Not so much Lisbon Lions here as lambs to a slaughter.
The scorers? We’ll keep that as simple as possible.
1st half: Stuart McCloskey, Hugh Gavin, Tommy O’Brien, Shayne Bolton, Tommy O’Brien, Thomas Clarkson, Bolton, Gavin.
2nd half: Craig Casey, Cian Prendergast, Calvin Nash, Ciaran Frawley, Prendergast, Alex Kendellen, Ben Murphy, penalty try.
This always looked like a mismatch, even with so many of Ireland’s players, coaches and staff on duty in Australia with the British and Irish Lions. It wasn’t long before we were reaching for the record books.
Ireland’s biggest win prior to this was an 83-3 hockeying of the USA in New Hampshire in 2003. Portugal’s worst defeat before now had come four years later at the World Cup in Lyon where they lost 108-13 to the All Blacks.
Add in Ireland’s stroll against Georgia in Tbilisi last weekend and it all adds up to a two-match mini-tour of highly questionable value for a shadow touring side that handed out nine Test debuts in the absence of so many frontline stars.

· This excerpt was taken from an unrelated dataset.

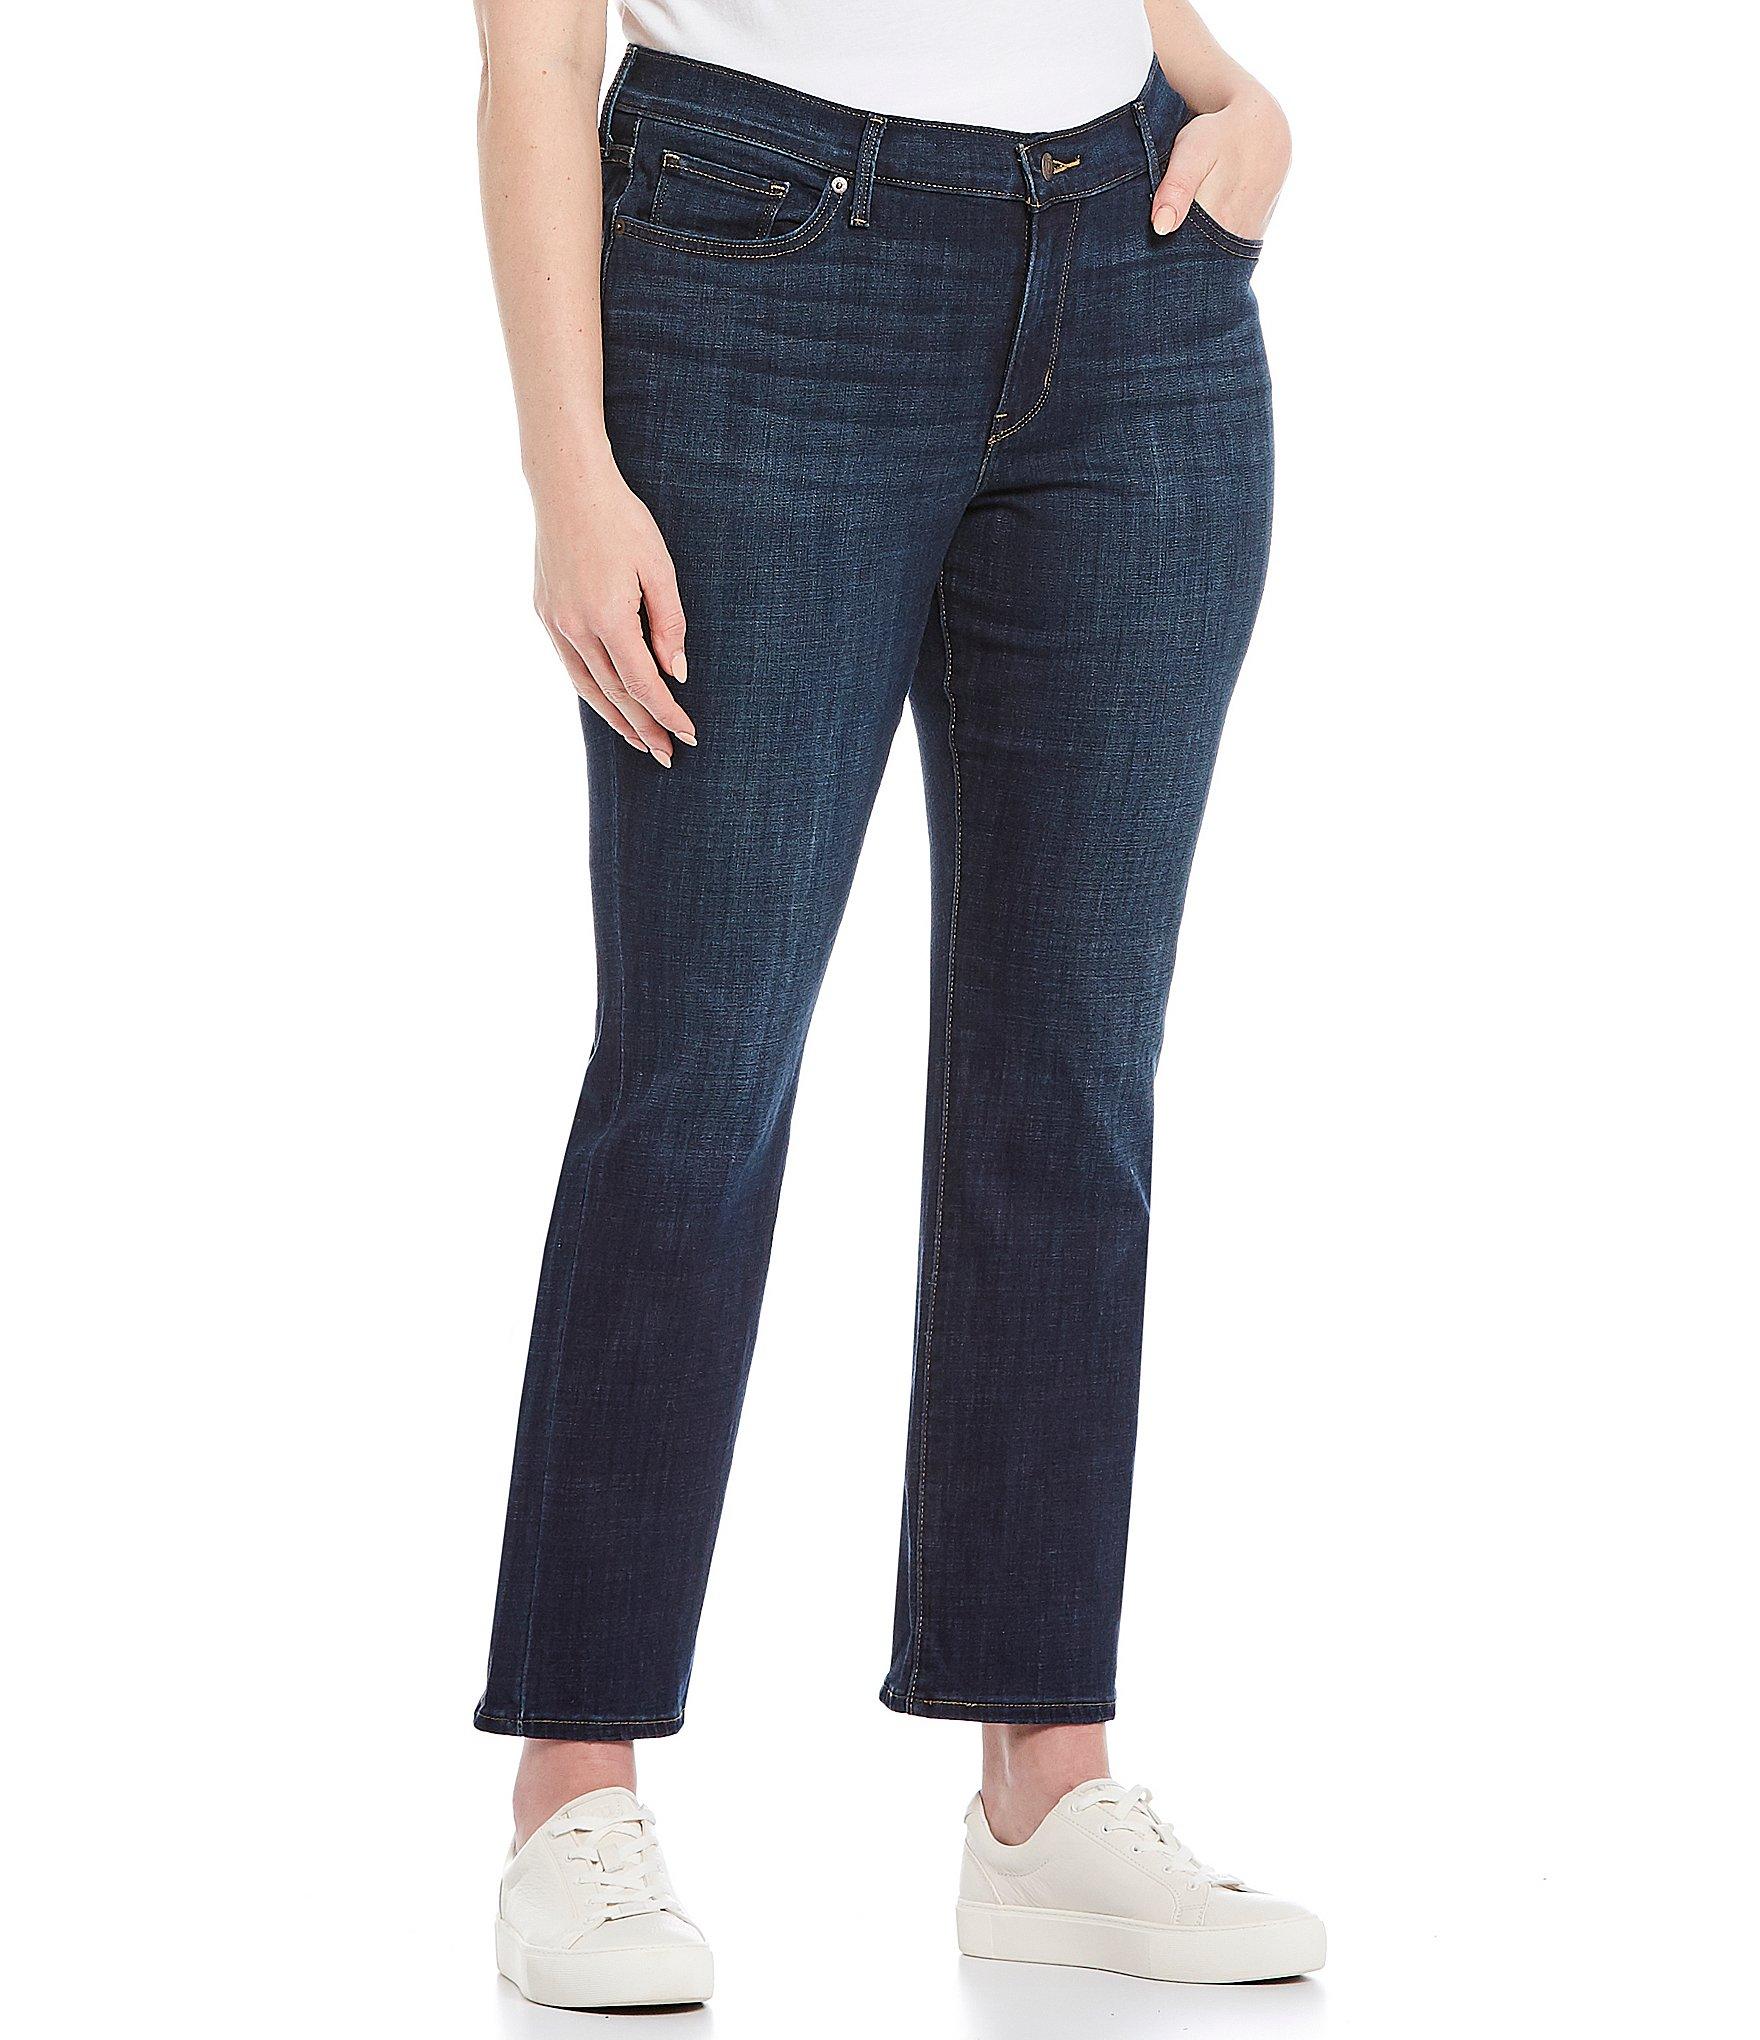 Short Rise Jeans For Men

The cliché with games like this is to suggest that it was no more than a glorified training session, but then Portugal had given Andy Farrell’s Ireland a right old scare during a behind-closed-doors game before the last World Cup.

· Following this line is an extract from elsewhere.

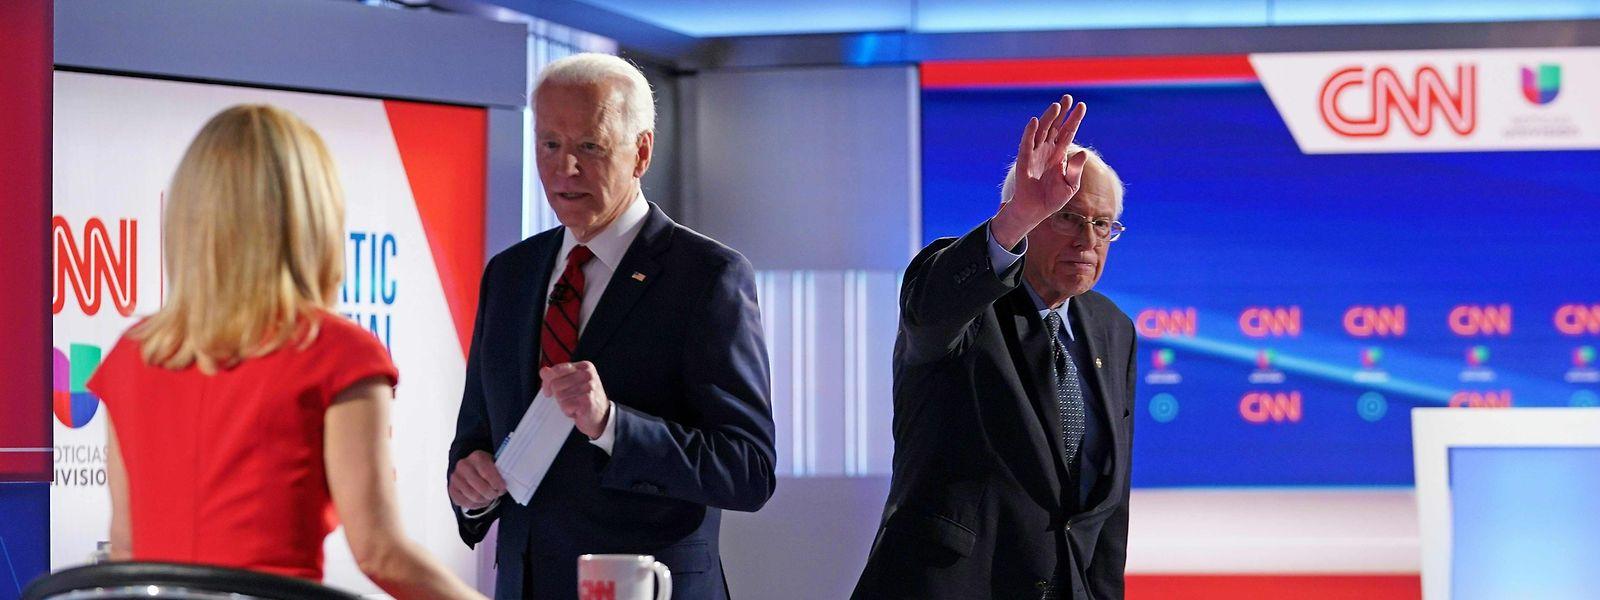 Joe Biden, ici avec la journaliste Dana Bash de CNN, a fait un come-back spectaculaire et a rassemblé derrière lui le camp modéré.

They’ve fallen off a cliff since.
It took Ireland less than a minute to get off the mark, McCloskey doing the honours. Tone set. Seven more five-pointers followed in the first-half alone, by the end of which the visitors were 52-0 to the good.

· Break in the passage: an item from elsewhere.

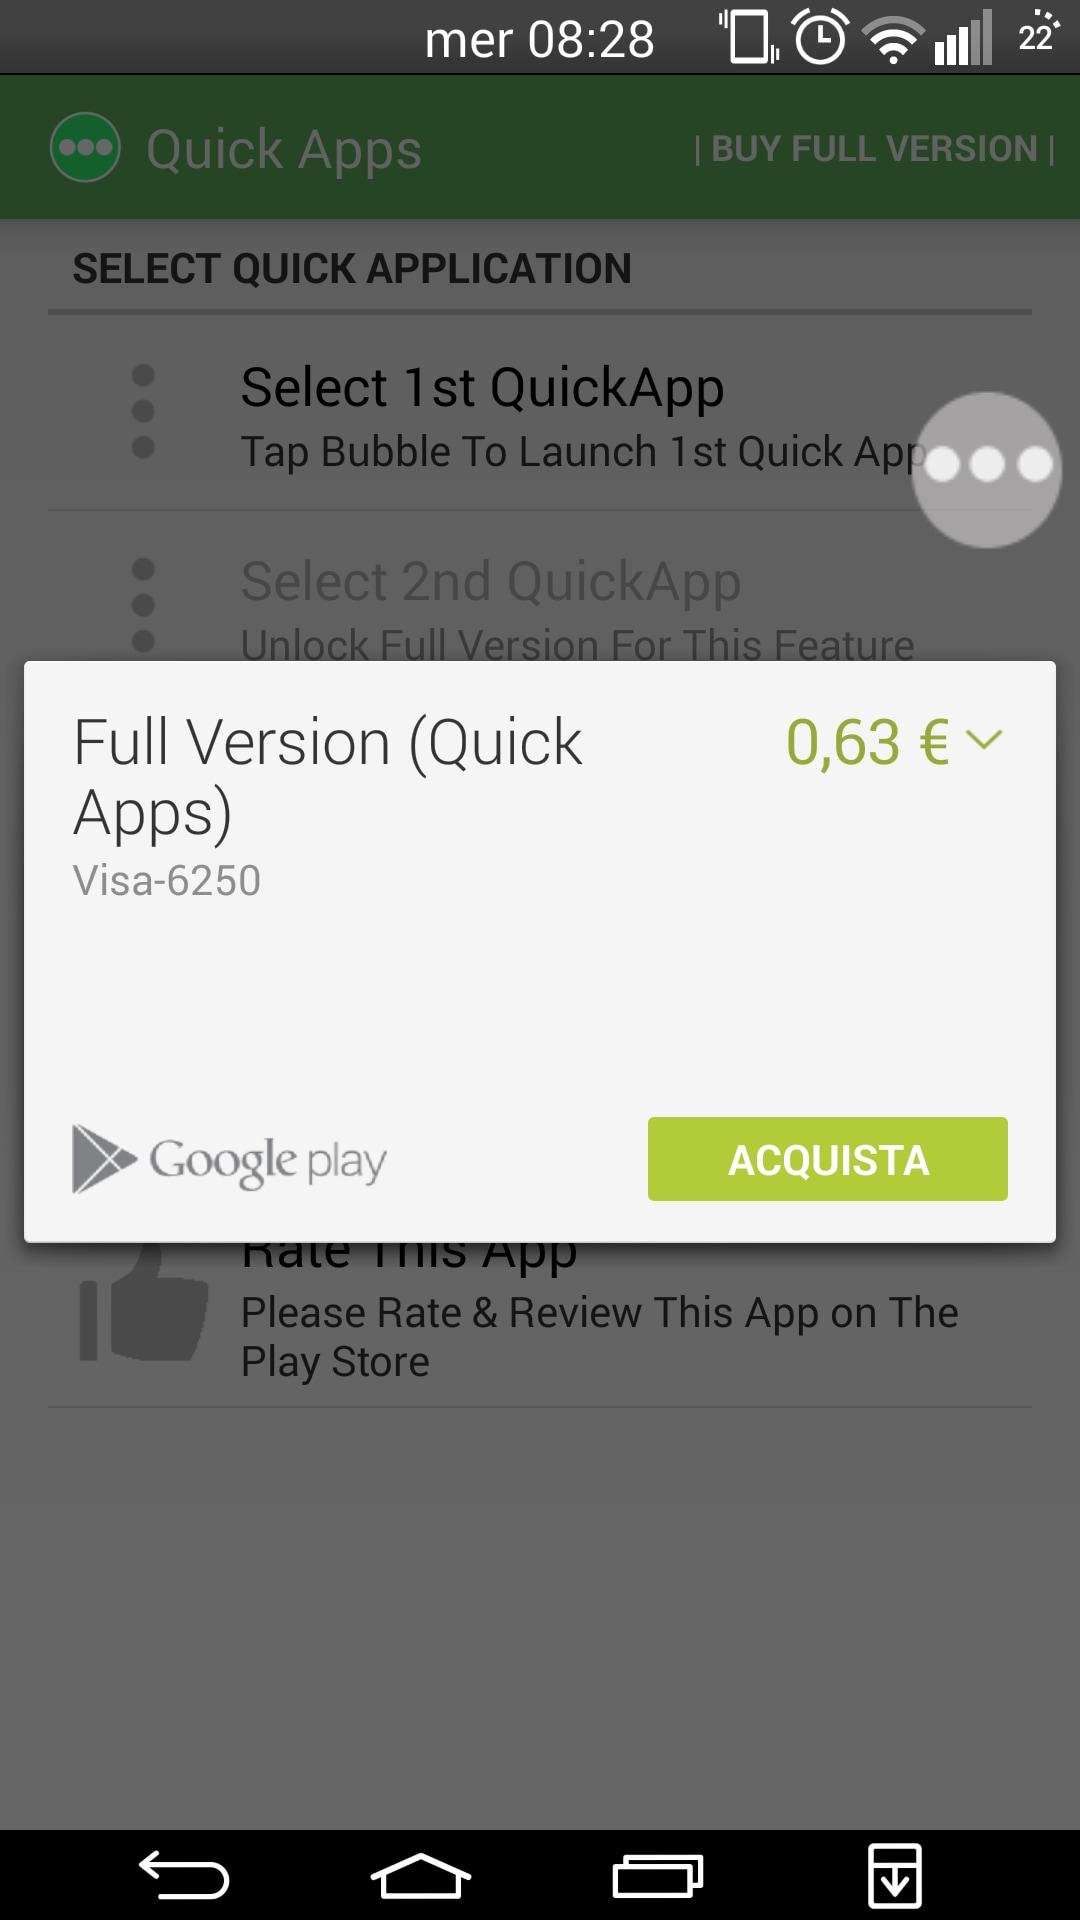 quick apps_applicazione_ avviare app da android wear (5)

The ease with which most of the scores came, even the early efforts, was embarrassing. Just awful. Any semblance of a defensive line crumbled at the merest of prods or probes, vast acres of turf were there for gambolling all evening long.
Portugal didn’t help themselves with some risky stuff out of their own third. and there were rare glimpses of the flowing rugby that so captured the eye and the imagination at the last World Cup in France where they beat Fiji.
Full-back Nuno Sousa Gedes was involved in much of what they did manage. It was the 15 who ran under the posts off the back of a clever crosskick from his ten and dizzying feet from Victor Pinto out wide. The problem was a forward pass and it was ruled out.
Worse was to follow when Portugal’s captain Tomas Appleton was stretchered off after lengthy treatment for what appeared to be a bad ankle injury, and his replacement followed shortly after coming on. All this well before the half-time pause in punishment.
It never rains but it pours. The torrent continued on the restart.
The only shaft of light for Portugal was a try for their openside Nicolas Martins after 53 minutes but it was a score off the back of a lineout maul from Alex Kendellen that took Ireland past the record margin set in the States 22 years ago.
Ben Murphy’s converted effort took them to the 99-mark with three minutes to go. They brought the ton up at the very last with English referee Adam Leal awarding a penalty try off a lineout maul in the corner.
History made, but what a tough watch.
Portugal: N Sousa Guedes; S Bento; V Pinto, T Appleton, M C Pinto; H Aubry, H Camacho; D Costa, L Begic, D H Ferreira; A R Andrade, P Ferreira; D Wallis, N Martins, D Pinheiro.
Replacements: G Aviragnet for Appleton (21); F Almeida for Aviragnet (33); G Costa for Andrade (50); M Souto for Begic and A Cunha for Costa (both 57); PS Lopes for Begic (57); AR Andrade for Ferreira (60); V Baptista for Pinheiro 62).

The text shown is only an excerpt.